About Us

WHAT IS FISH SCHOOL?

From the sea, to the land and everything in between...

The mission at Fish School is bare but beautiful. To showcase Hong Kong’s line caught seafood, prepare it with consideration and serve in a seemingly simple manner.

Each morning, Executive Chef Chris Ma selects the best available from his network of fishermen, as well as local farmers. This means Fish School’s menu is crafted daily.

Fish School’s attention to detail in seafood, echoes through all that we do; from our house baked sourdough, picked and prepared vegetables and other proteins Chris and the kitchen team choose to feature. We source dried seafood from the local markets, both for the flavour held within and as a nod to the place they hold in Hong Kong’s culinary discourse.

Our desserts show finesse, while our wine list examines niche but accessible varietals from the old and new world. The menu can be taken in a traditional format, or built out according to our the desires of our guests.

Sunday lunch is an edit of dinner. Written each morning, it showcases old favourites and fresh loves – perfectly paired with sparkling wine or a beer from noon.


CHRIS MA, EXECUTIVE CHEF

Dedicated and driven by precision, Executive Chef Chris Ma’s humble practice paints a tale of time, place and culture – the fruition of international placements and a personal desire to give the produce and people found within his home country, Hong Kong, an audience rightfully deserved.
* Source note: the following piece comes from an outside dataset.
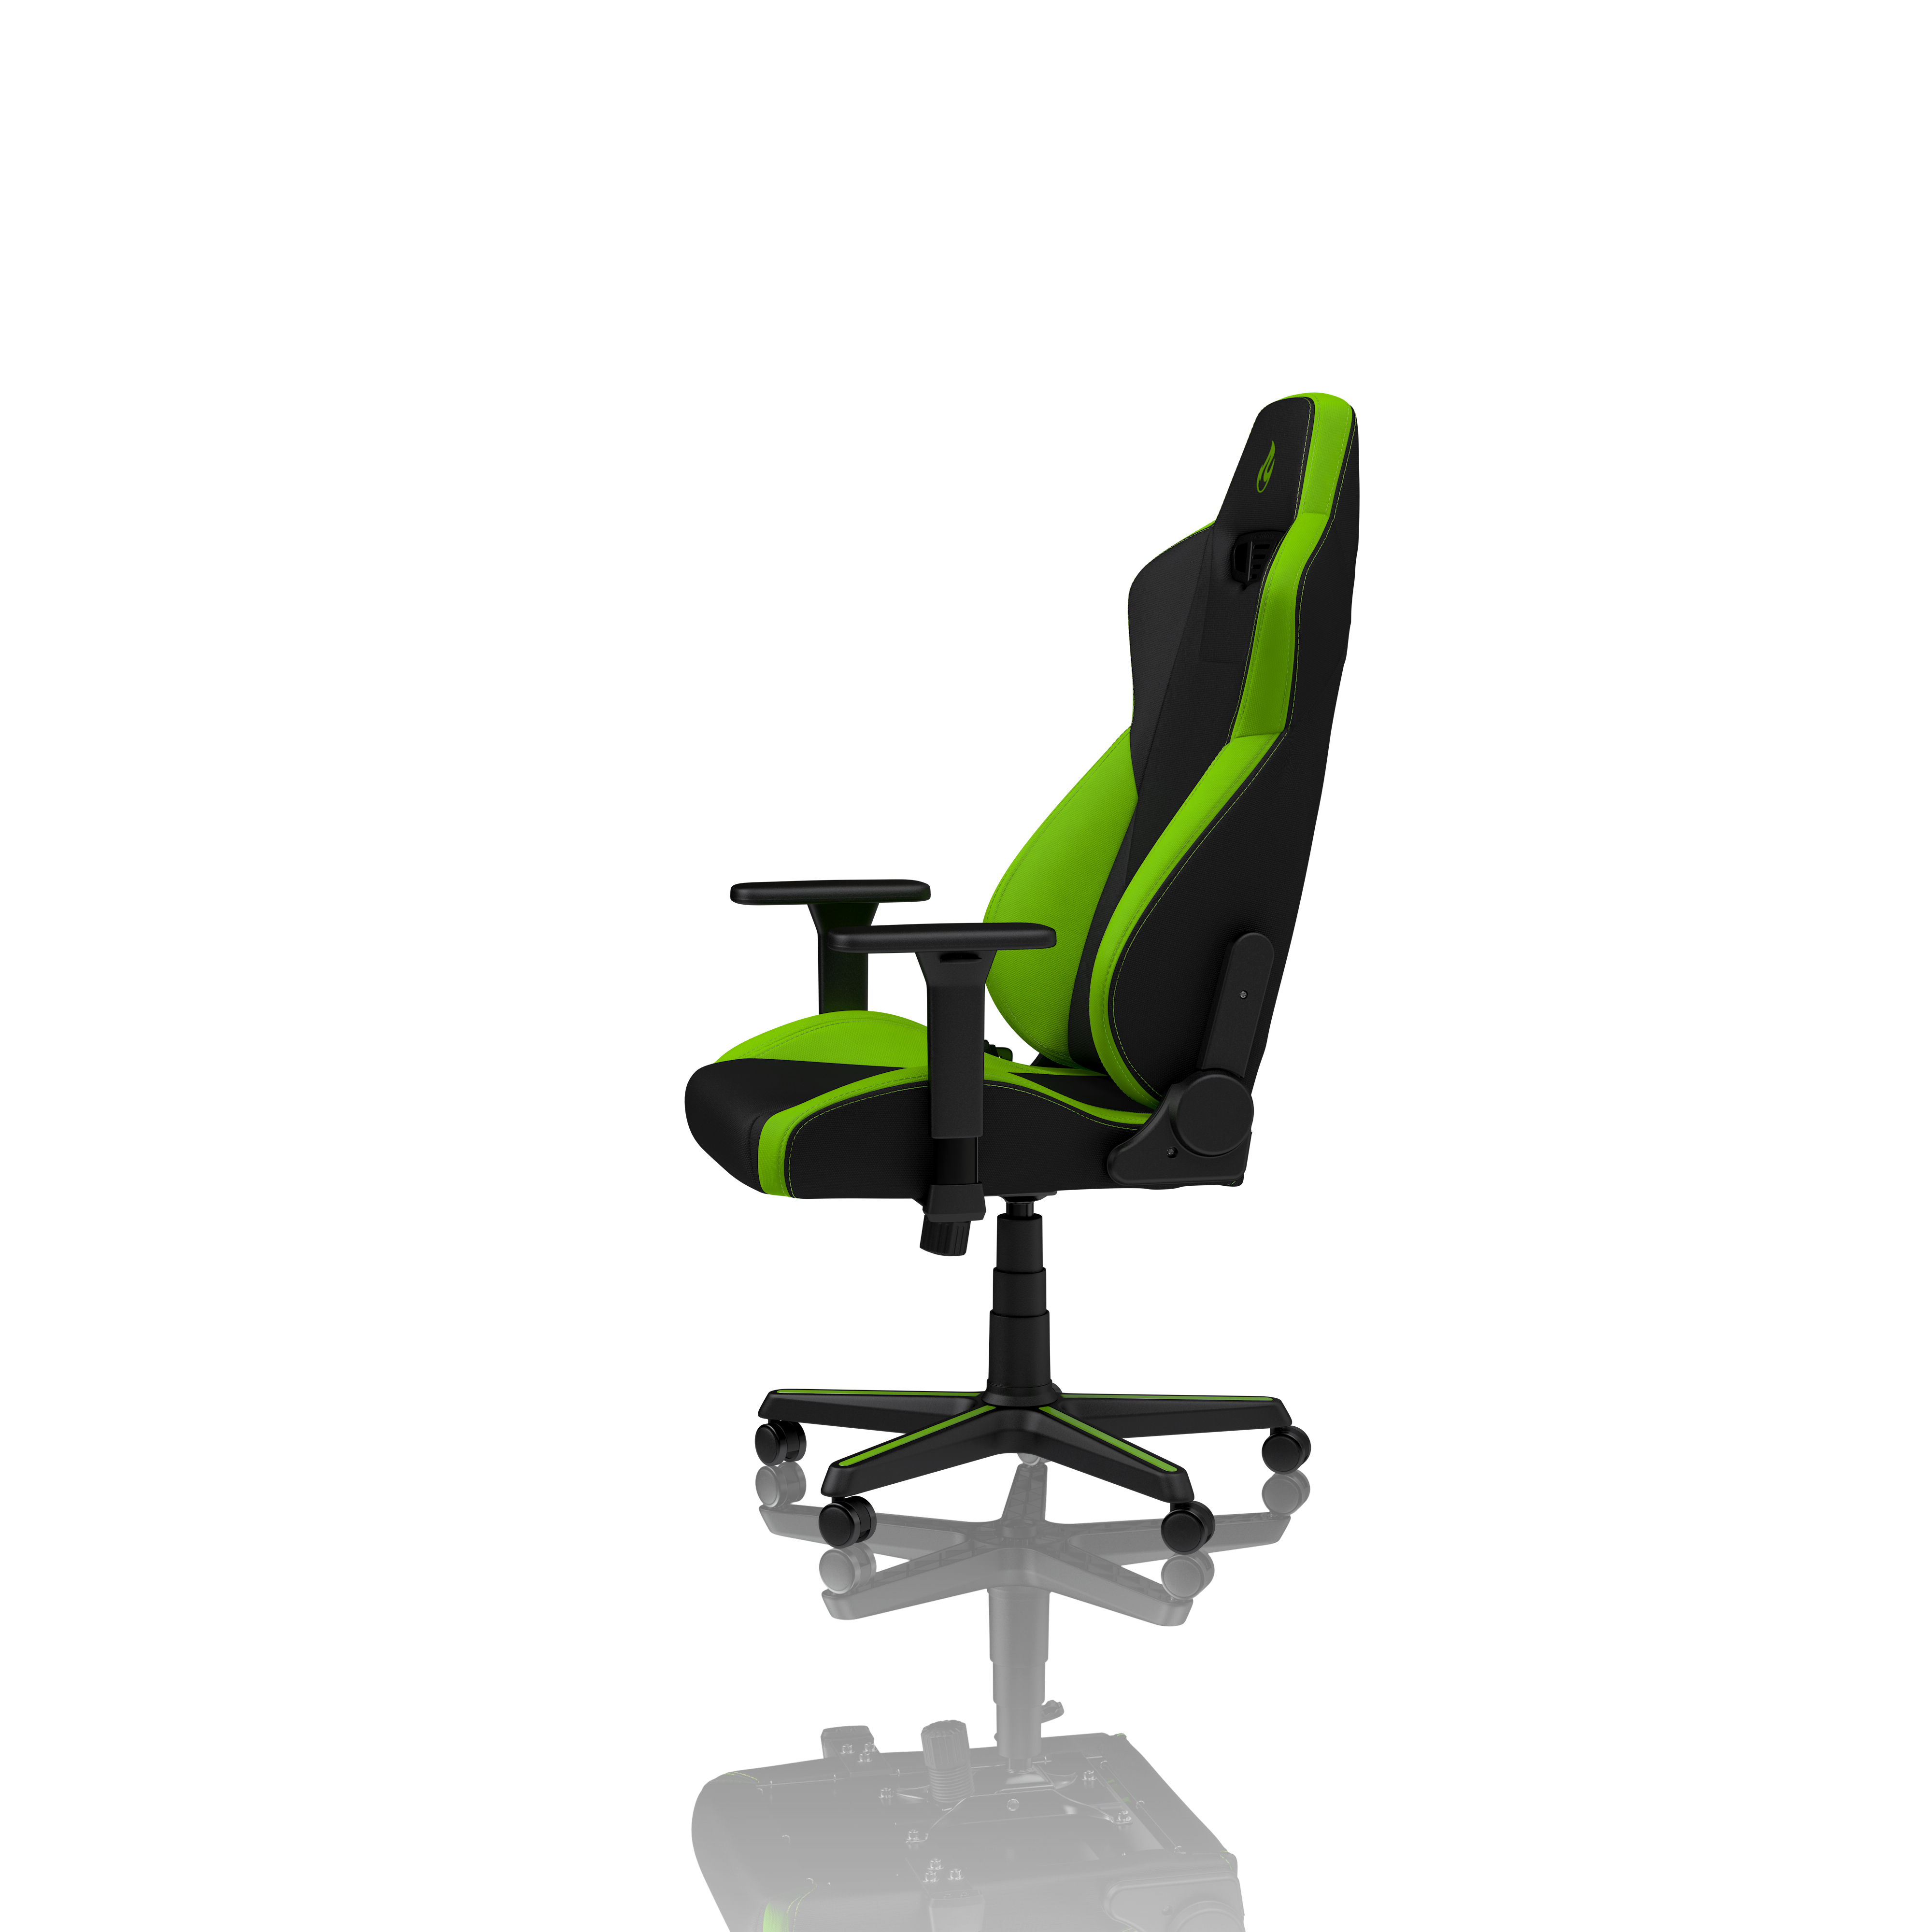 Nitro Concepts - S300 Gaming Chair Atomic Green

Unassuming, but inventive, his fare is seemingly simple, while deeply layered. His primary protein of choice, seafood, is employed with elegant precision, in nod to the generations of local seafaring families and farmers he has connected with.
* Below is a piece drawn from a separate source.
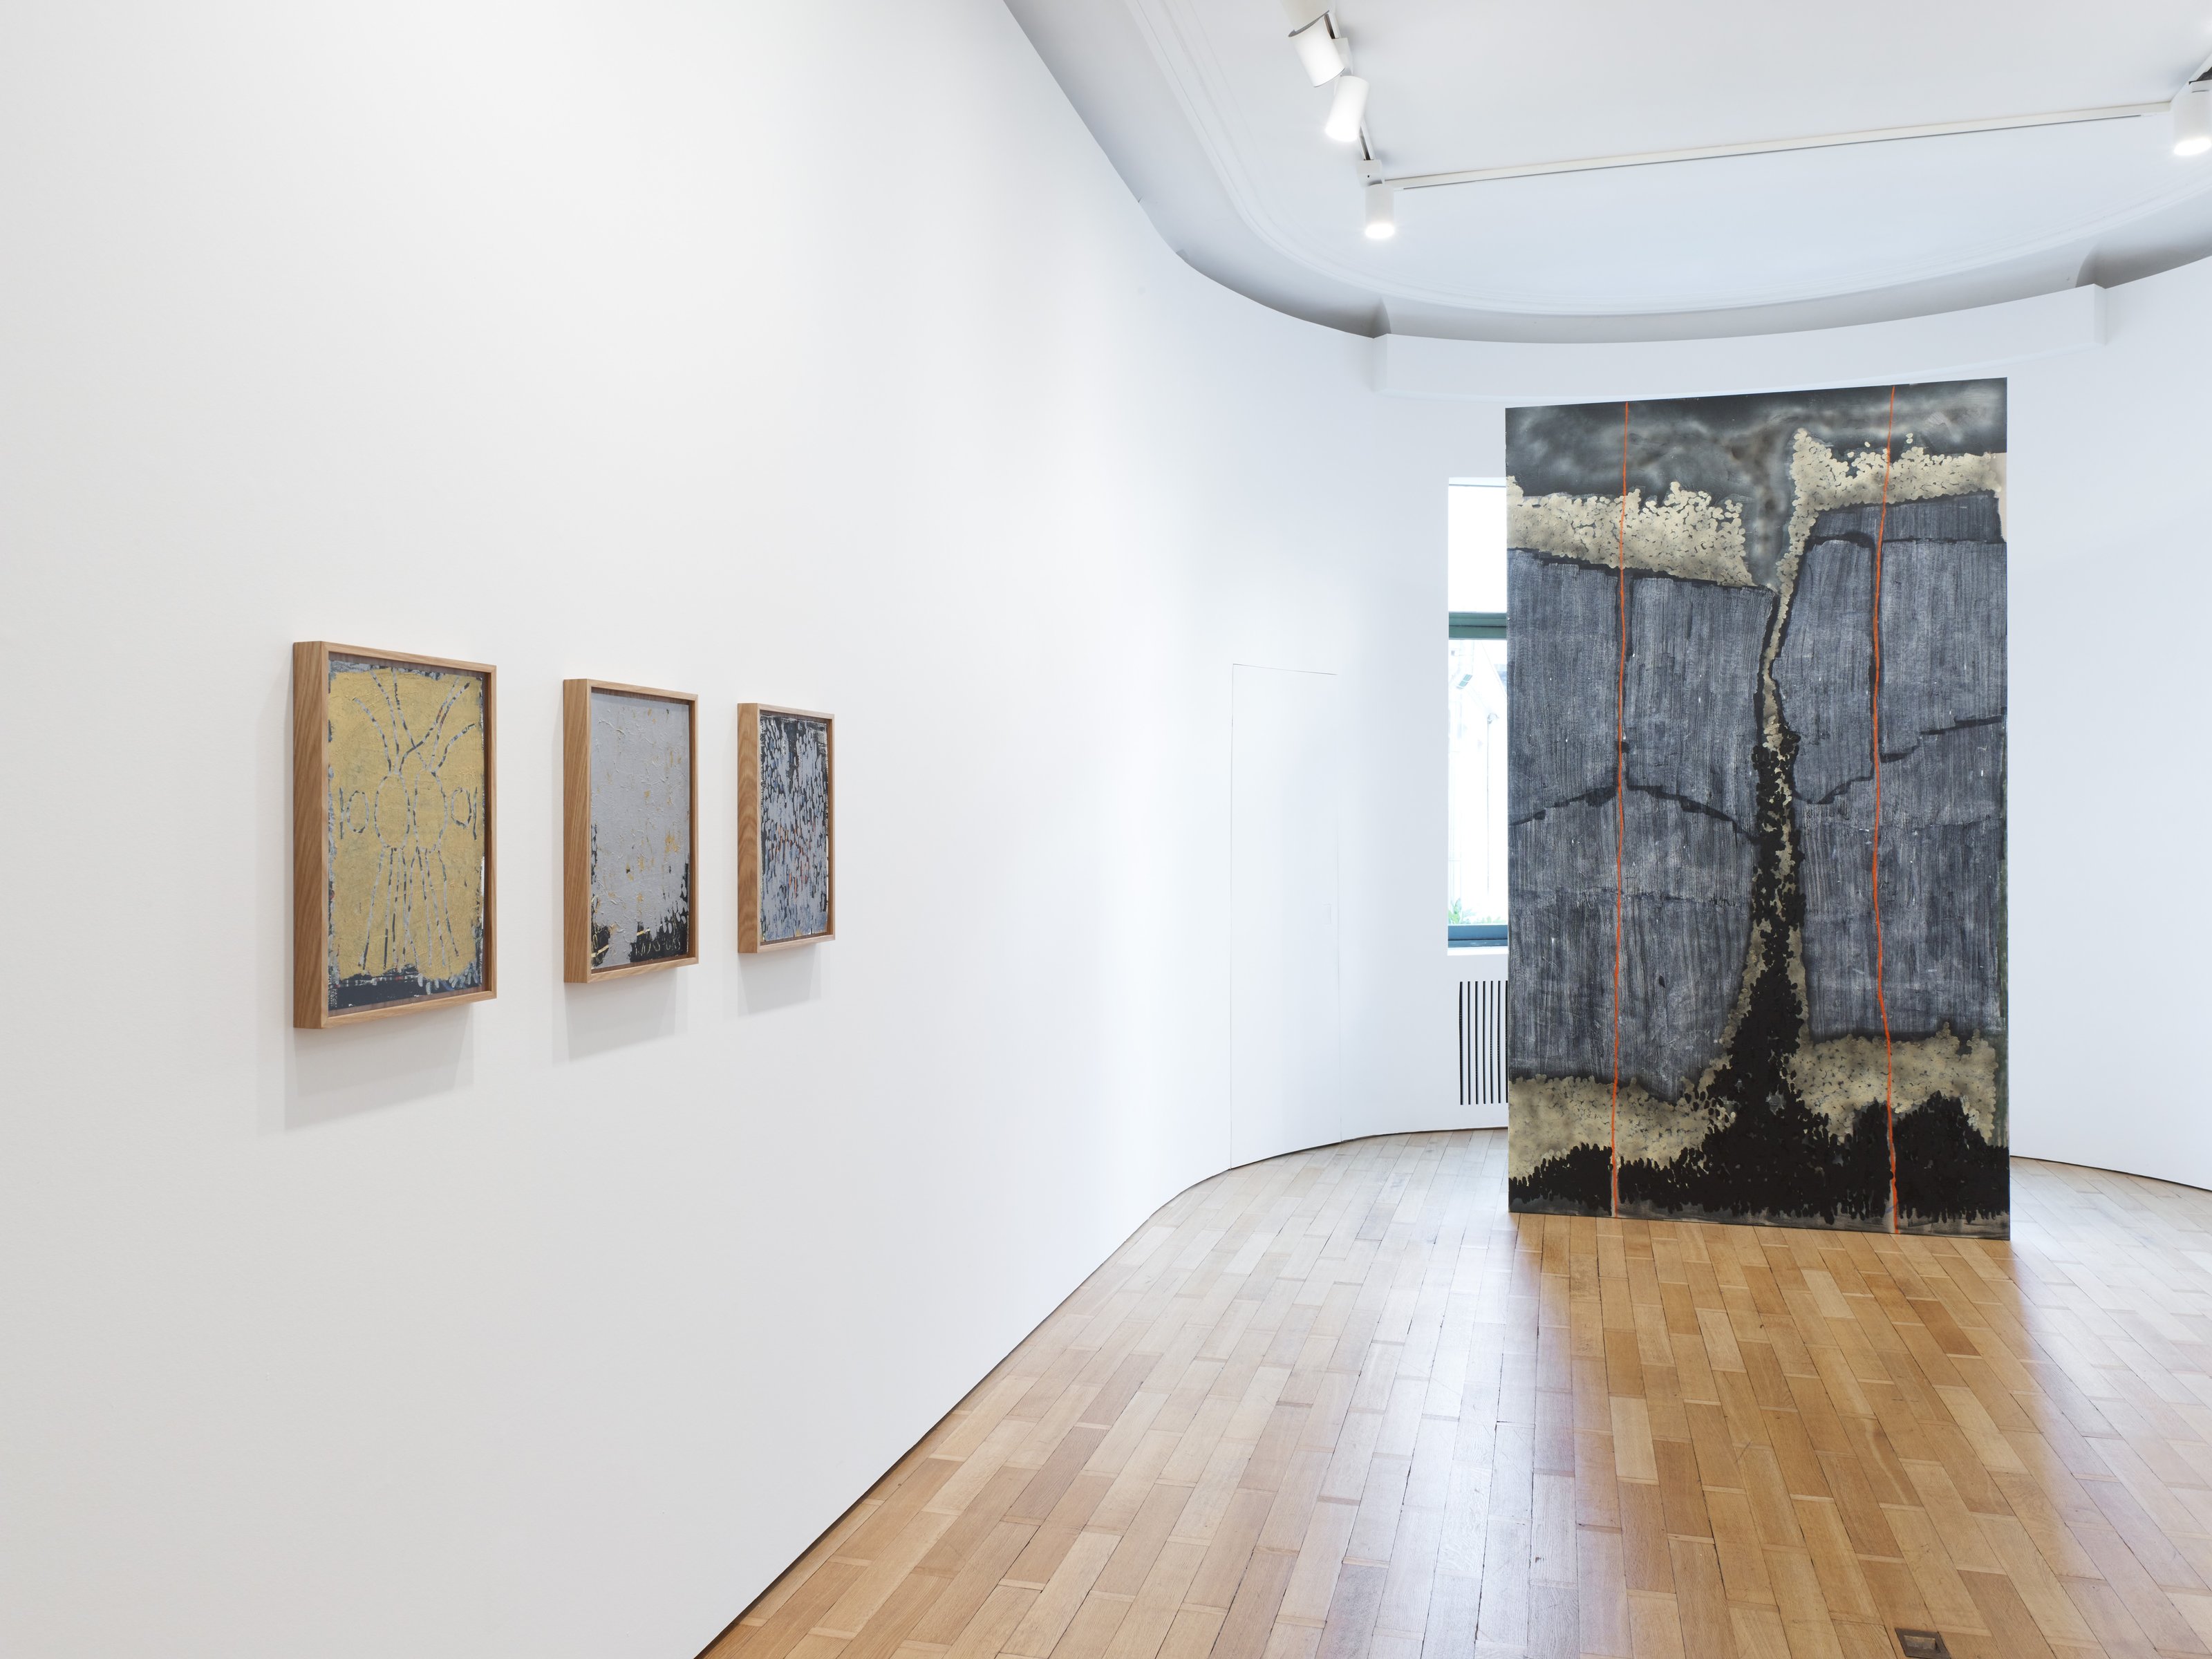 Three earth-toned patterned paintings in wooden frames hang on a white-walled, brightly lit art gallery wall, alongside a rectangular fabric with abstract earth-toned patterns hanging from the ceiling.

After early placements at the Michelin starred Cepage and Amber (Hong Kong), Chris travelled to Australia to further hone his skill set pertaining to the sourcing and preparation of ingredients diligently selected from both sea and land.
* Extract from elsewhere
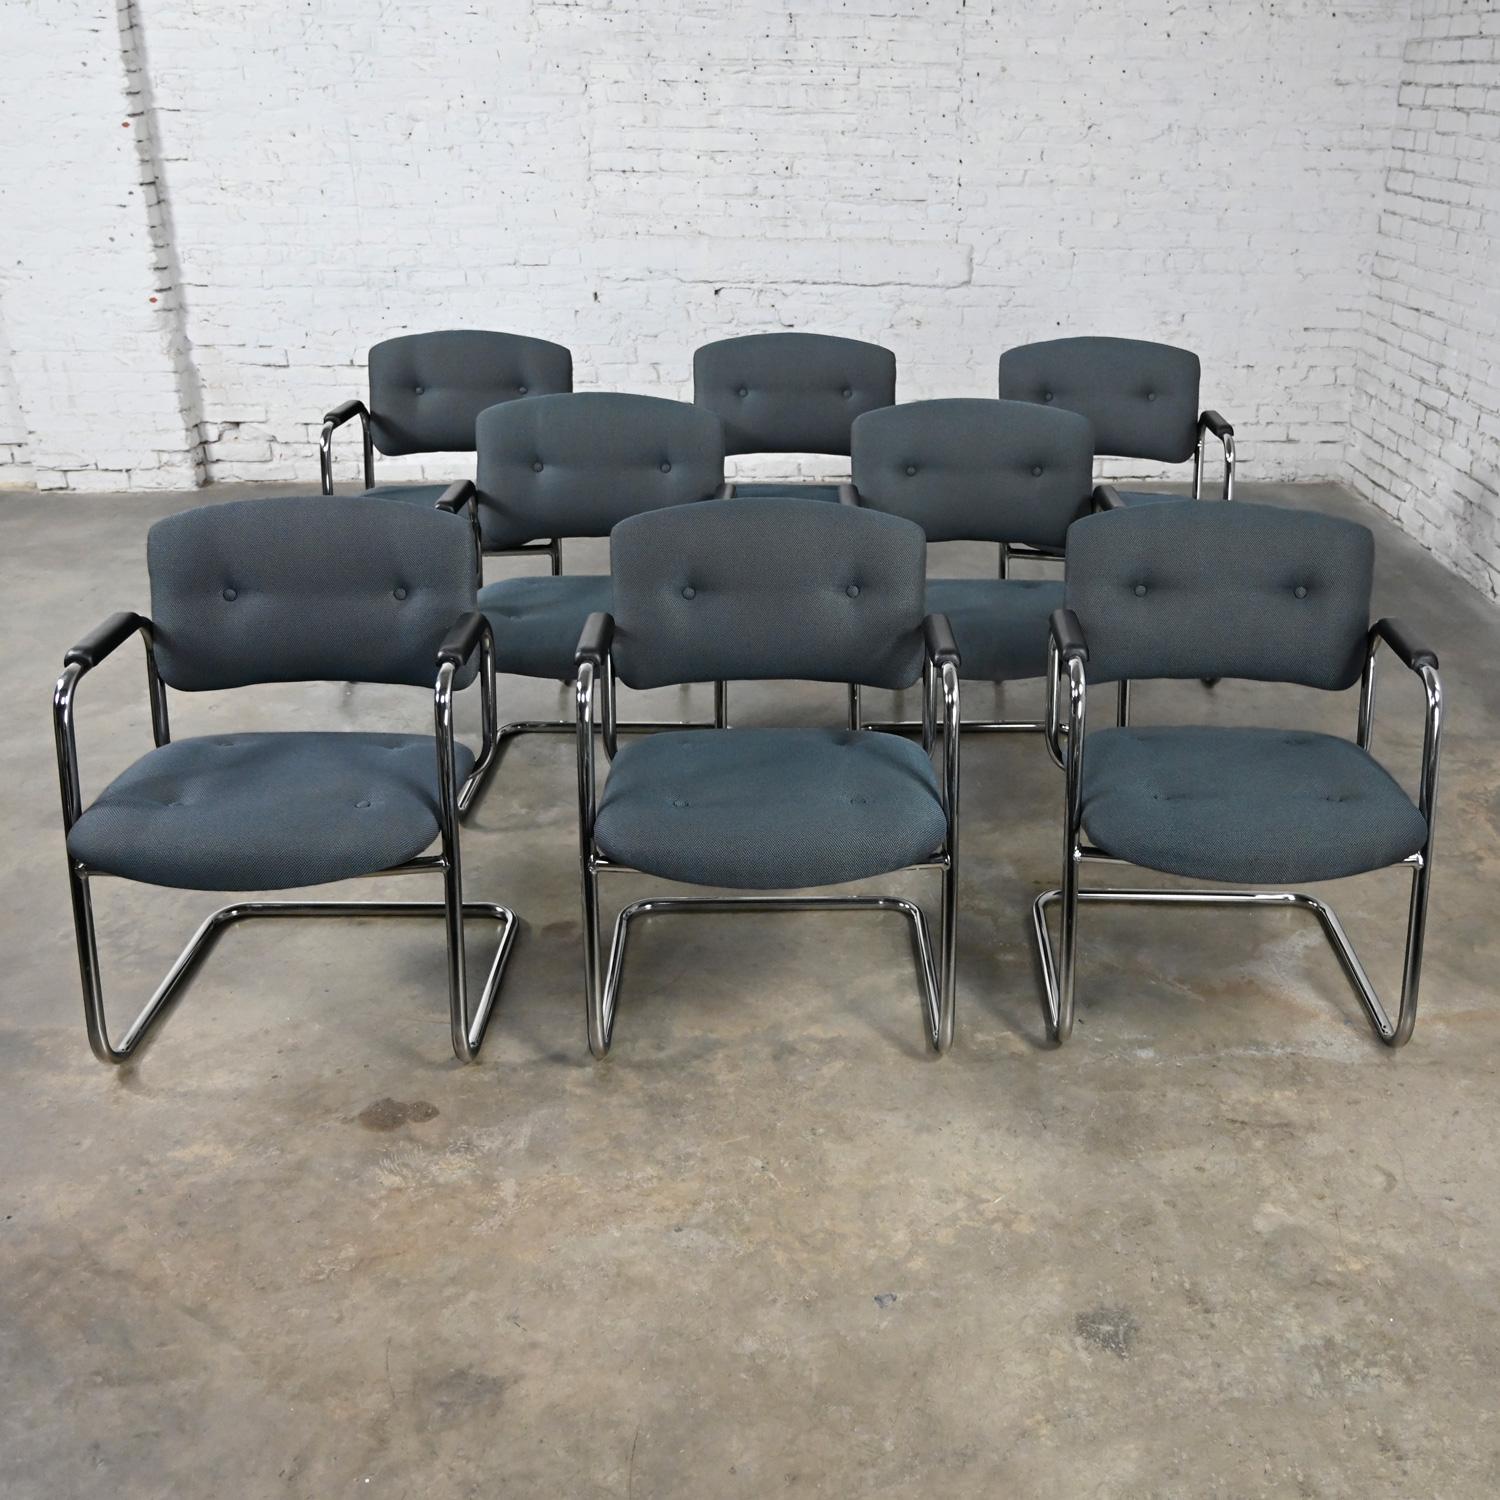 Late 20th Century Gray & Chrome Cantilever Chairs Style Steelcase Set of 8 For Sale 9

Upon arrival he secured a role at Sydney’s iconic Quay, briefly followed by a later position at the three hatted Royal Mail Hotel, under the tutelage of Dan Hunter.  After two years and a stint in Stockholm at Frantzén’s, he returned to Hong Kong, ready to employ his lessons from abroad while testing his own ideas, all while writing his own discourse.

It is Chris’ keen desire to showcase the sourcing strength hidden within Hong Kong’s borders - teaching all that over looking further afield, local can indeed be, lovely.